Levien and Koppelman spoke to Newsday last week about their long-running collaboration. An edited transcript of our chat:

 

Both of you have long proclaimed your Long Island roots — unusual in that some producers leave for points west and never look back. Why your strong allegiance?

Koppelman: Long Island is baked into us. No matter how hard we try to shake it, it’s baked into us.

 

The second season premiere opens and closes with a memorable scene at the Empire City track and casino in Yonkers; any similar scenes set on LI this season?

Koppelman: We actually looked at the old Roosevelt racetrack, but it’s a parking lot now. This worked because Axe grew up in Yonkers. . . . John Singleton directed the seventh episode and some of that does take place at [Bobby’s] Hamptons’ house. We do shoot on Long Island for sure, but often doubling as Westport [Axelrod lives in Connecticut]. Roslyn represents Westport.

 

As a team, the two of you have specialized in creating a lot of other “Axes,” or powerful wheeler-dealers with highly flexible moral codes. How did you come by that?

Koppelman: Growing up on Long Island, on the North Shore, we would see how people would use their charm, charisma to tell a story about who they were, and we’d watch how they brought this into their story. We’d hang out at the Kensington [Kosher Deli in Great Neck] and overhear at the next table this kind of high level rhetorical exchange [and] you’d be drawn into the story and drawn into the version of the world this man was experiencing. We were 15 years old and loved the idea of people who lived by their wits and who defined who they were in the world just by the way they carried themselves. So we started writing about them and reporting about them.

 

With Axe and other characters you’ve created, you also explore the notion that some people tend to overlook faults of billionaires simply because they are so rich.

Levien: We were fascinated by what made charismatic billionaires, and made them such magnetic figures with such large groups of people, for whom their success was a stand-in for all kinds of other good qualities in peoples’ minds. We were fascinated by why we are drawn to them. This was something we were interested in long before Donald Trump was a candidate, but now the show does take on a slightly different resonance.

 

Brian, your father is a famous producer himself while you had a career as producer and promoter before going into script-writing. Is there a bit of you in these portraits?

Koppelman: My father is an incredibly good person, and generous. But we did watch his interactions in the record business, or we’d watch the promotion men come in and how they’d convince some guy in radio to play a record. Afterward, we’d imitate them for weeks.

 

Where’d you both go to high school?

Levien: Great Neck North.

Koppelman: Friends Academy [in Locust Valley].

 

How did you both meet?

Levien: We met on a Musiker Teen Tour [also known as Musiker Discovery Programs for teens, based in Roslyn] in 10th grade, where we flew out West and went to national parks and things like that.
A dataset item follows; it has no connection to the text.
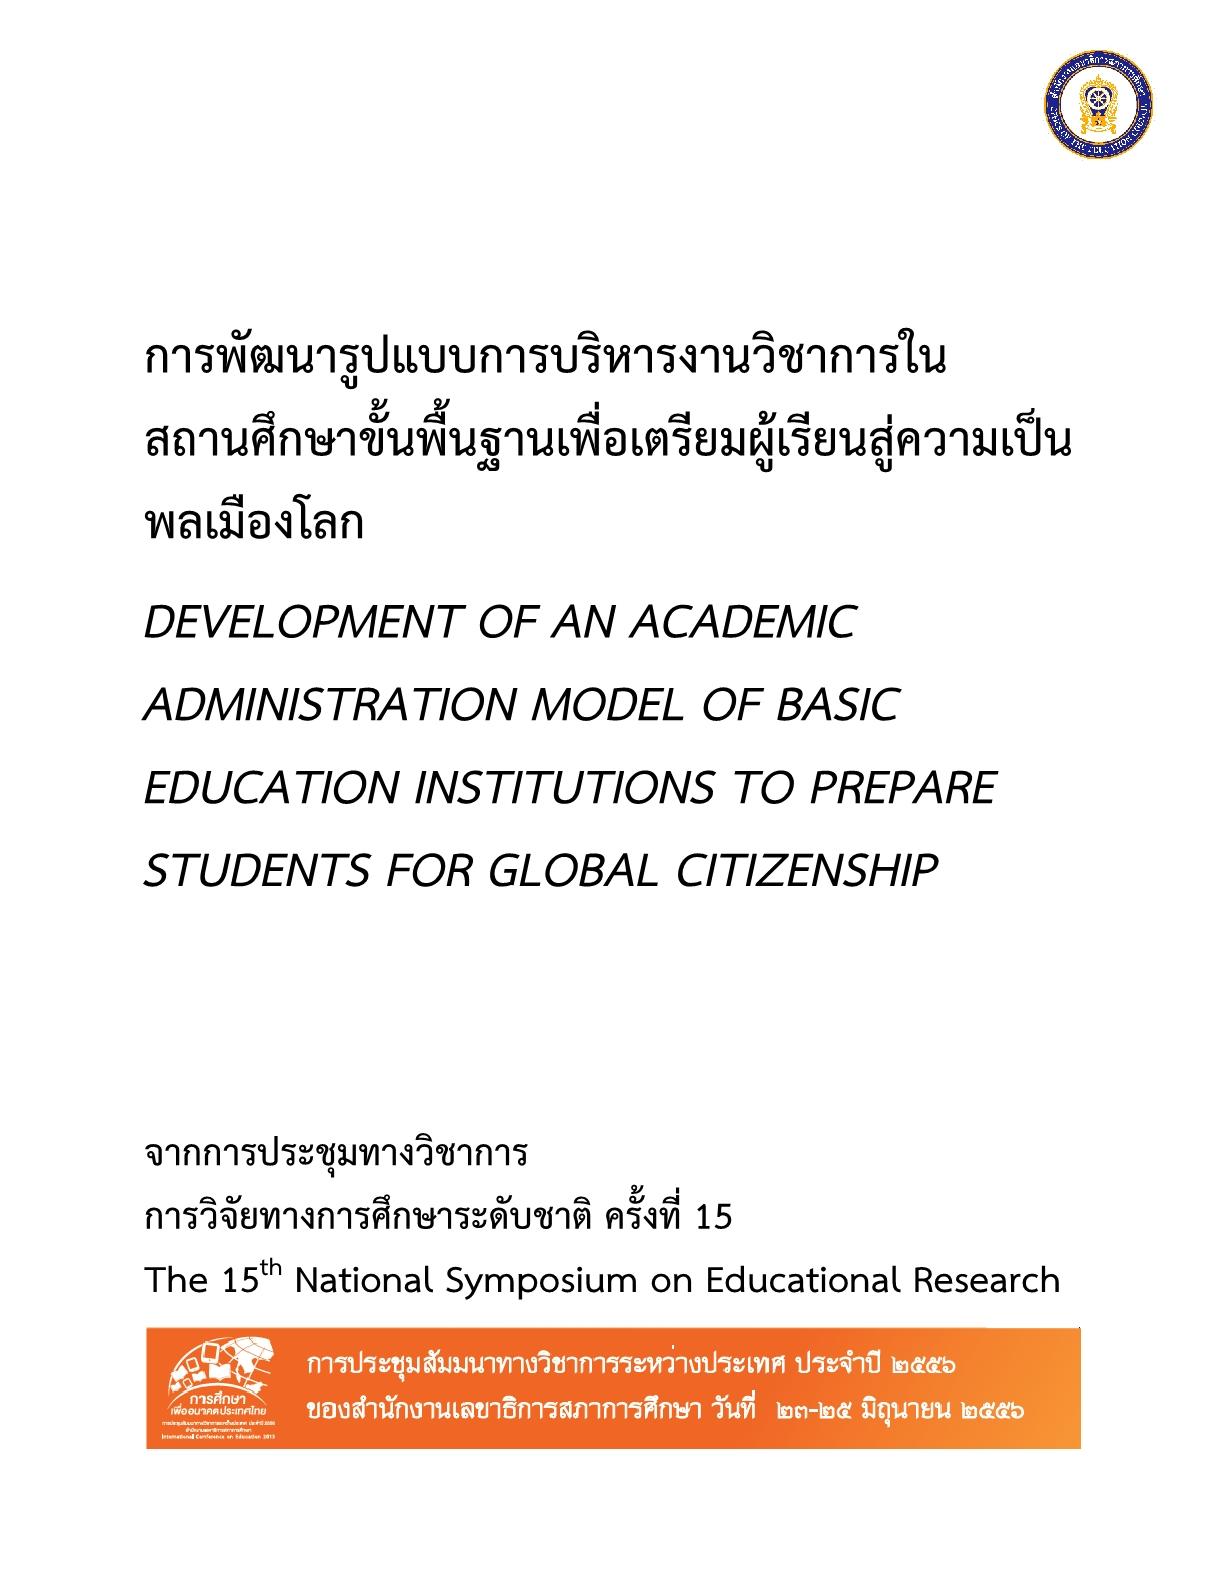 การพัฒนารูปแบบการบริหารงานวิชาการในสถานศึกษาขั้นพื้นฐานเพื่อเตรียมผู้เรียนสู่ความเป็นพลเมืองโลก

We met on the airplane, then rode this bus all up and down the American West [and] we’ve been like brothers ever since.

 

Most writers are solo acts, but you both are an obvious exception — a writing team that now goes back decades. How does that work? Do you complete each others’ sentences?

Levien: We do complete each others’ sentences. We both have written individually — Brian wrote a screenplay for one of our movies, and I’ve written a bunch of books — but, especially on TV, and in ‘Billions,’ where you have a roomful of writers, collaboration is important. . . . More often than not, if we write a script, we first divvy up the scenes, then write them separately and put them together after we’re done. You couldn’t tell them apart, or that two different writers had written them either.